→ TASK STATEMENT
Write out exactly the lines of the entries below from the one holding "Kaguya-Sama Love Is War Vol 9 GN" to the one holding "eurodisc 145 g Junior WEISS Funstyle SPIDER", inclusive, and leave out all other lines.
(Beginning of STUDY MATERIAL)
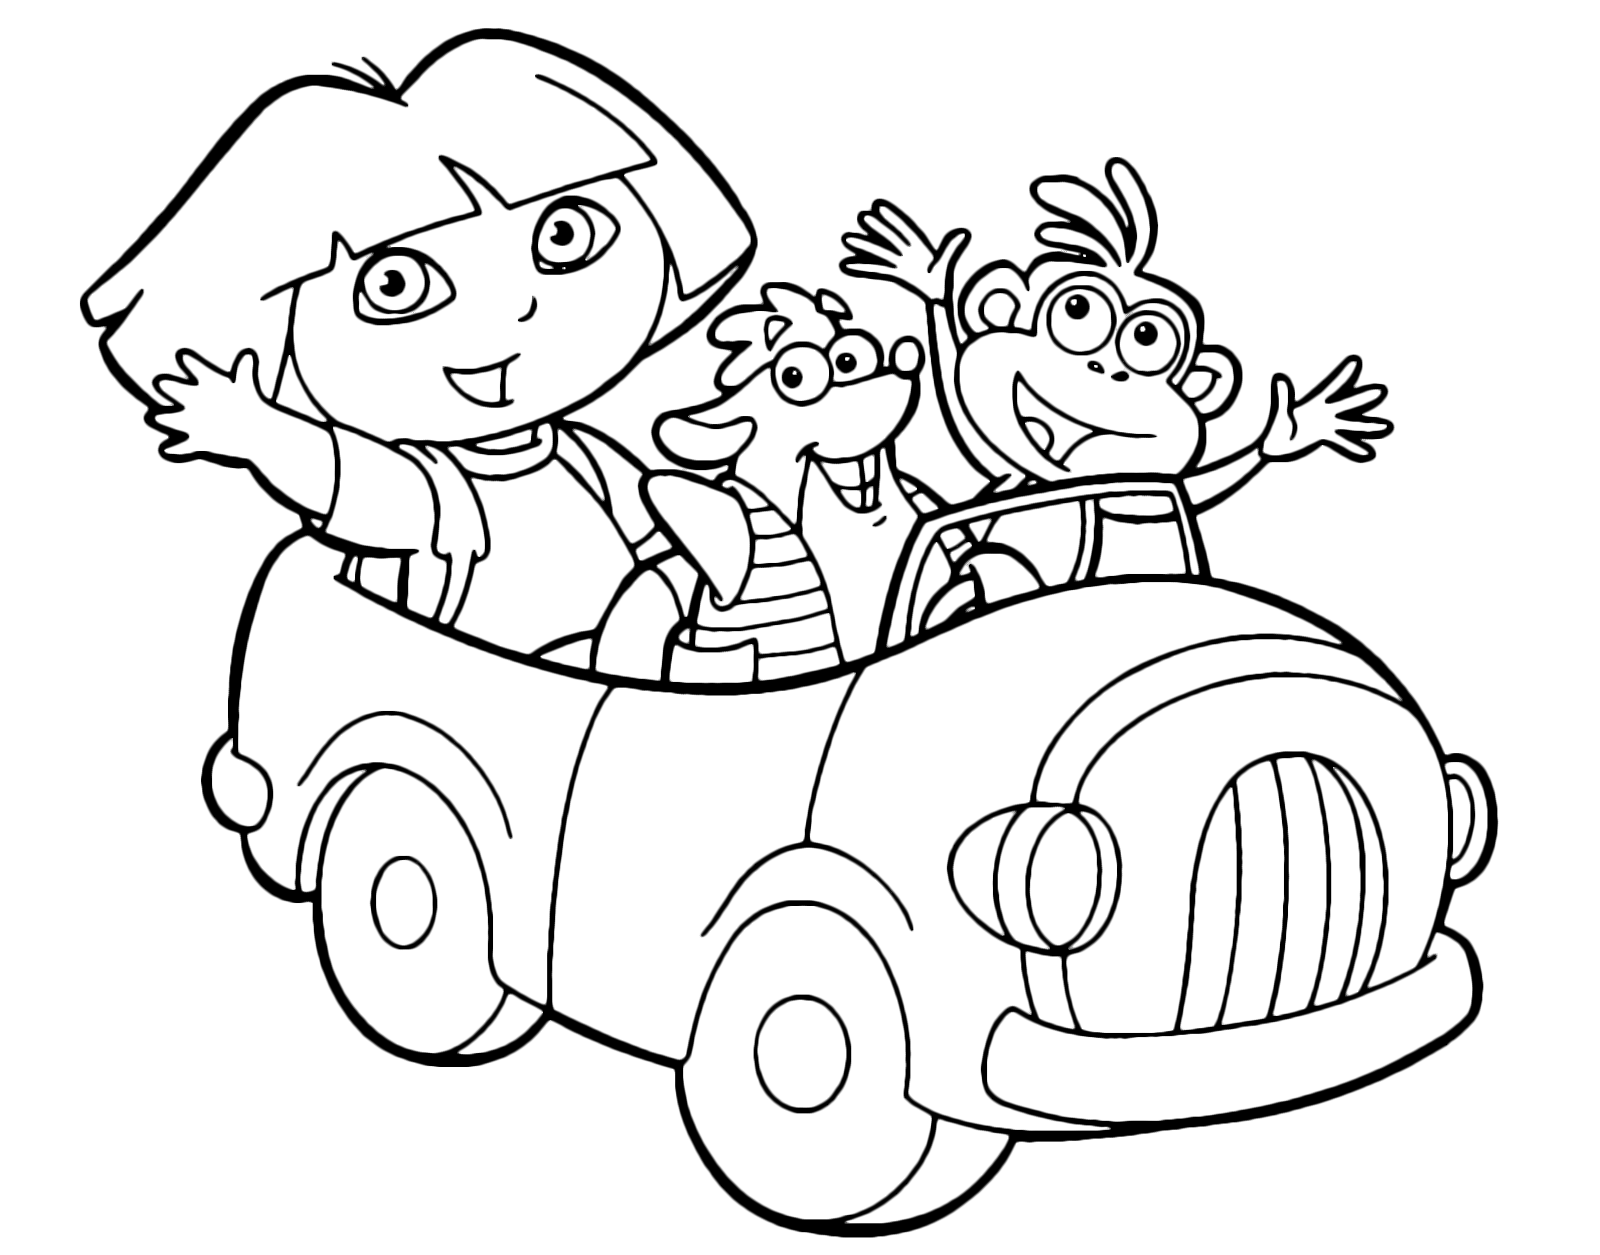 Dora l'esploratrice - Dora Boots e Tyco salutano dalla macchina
(End of STUDY MATERIAL)
(Beginning of STUDY MATERIAL)
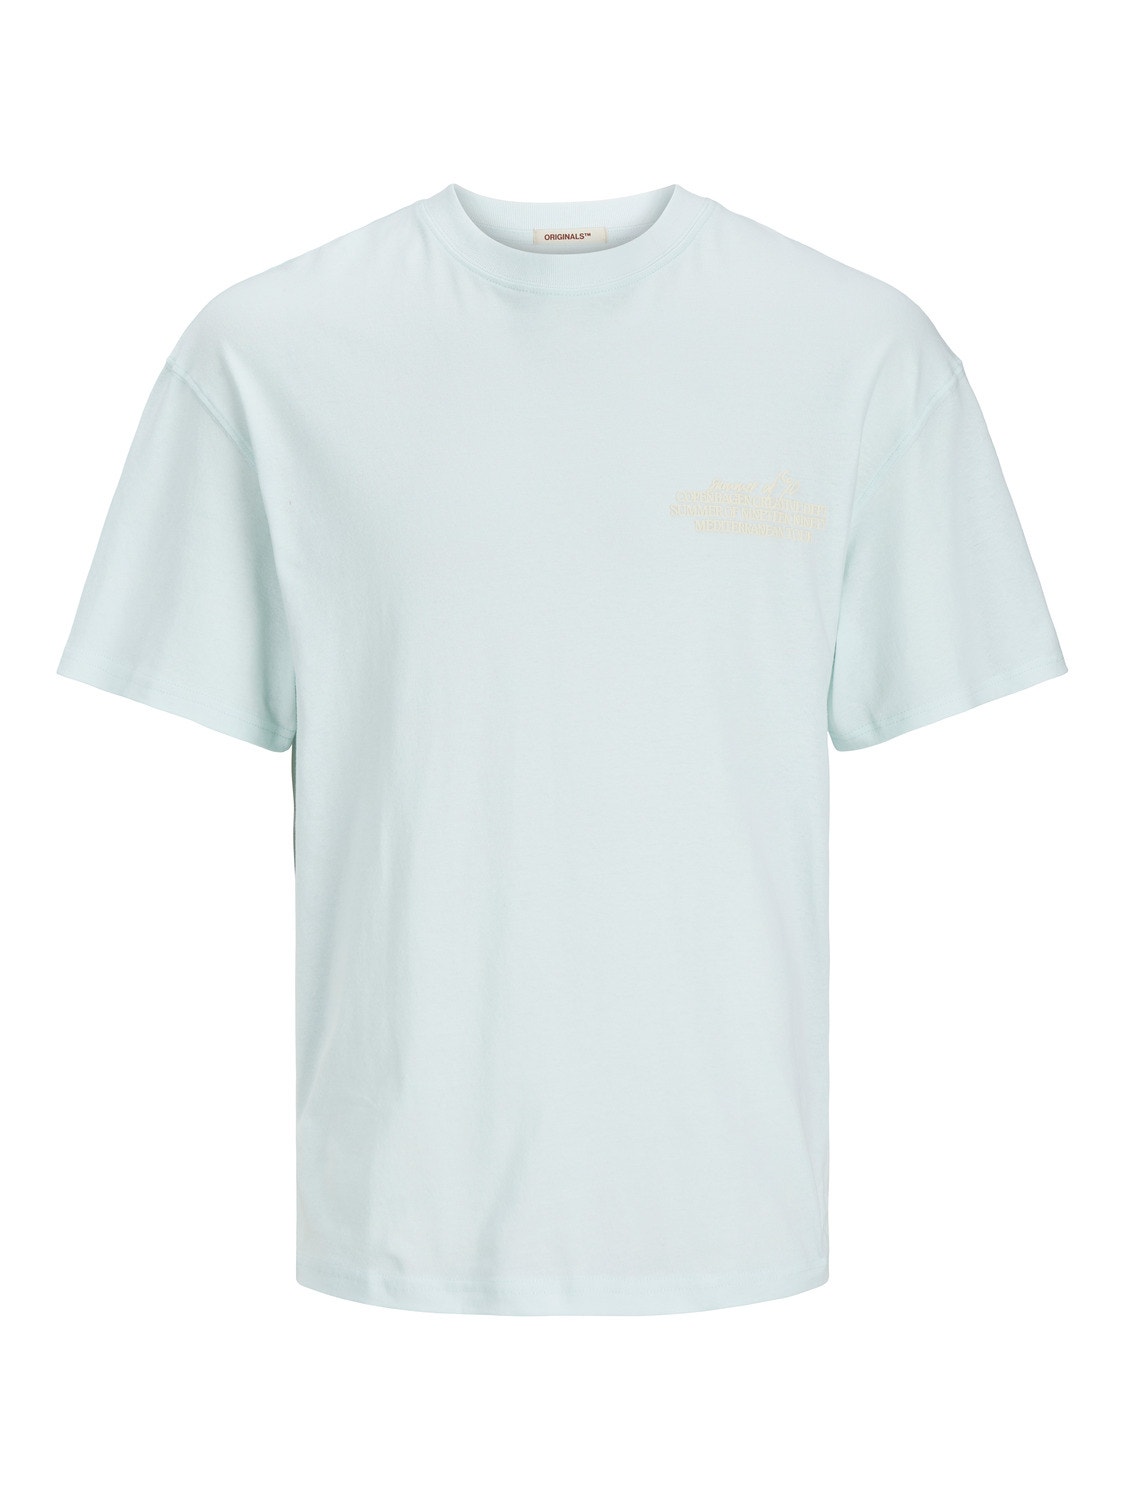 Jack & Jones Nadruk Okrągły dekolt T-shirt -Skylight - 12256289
(End of STUDY MATERIAL)
(Beginning of STUDY MATERIAL)
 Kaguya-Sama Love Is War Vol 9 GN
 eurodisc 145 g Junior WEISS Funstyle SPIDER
(End of STUDY MATERIAL)
→ RESULT BELOW
 Kaguya-Sama Love Is War Vol 9 GN
 eurodisc 145 g Junior WEISS Funstyle SPIDER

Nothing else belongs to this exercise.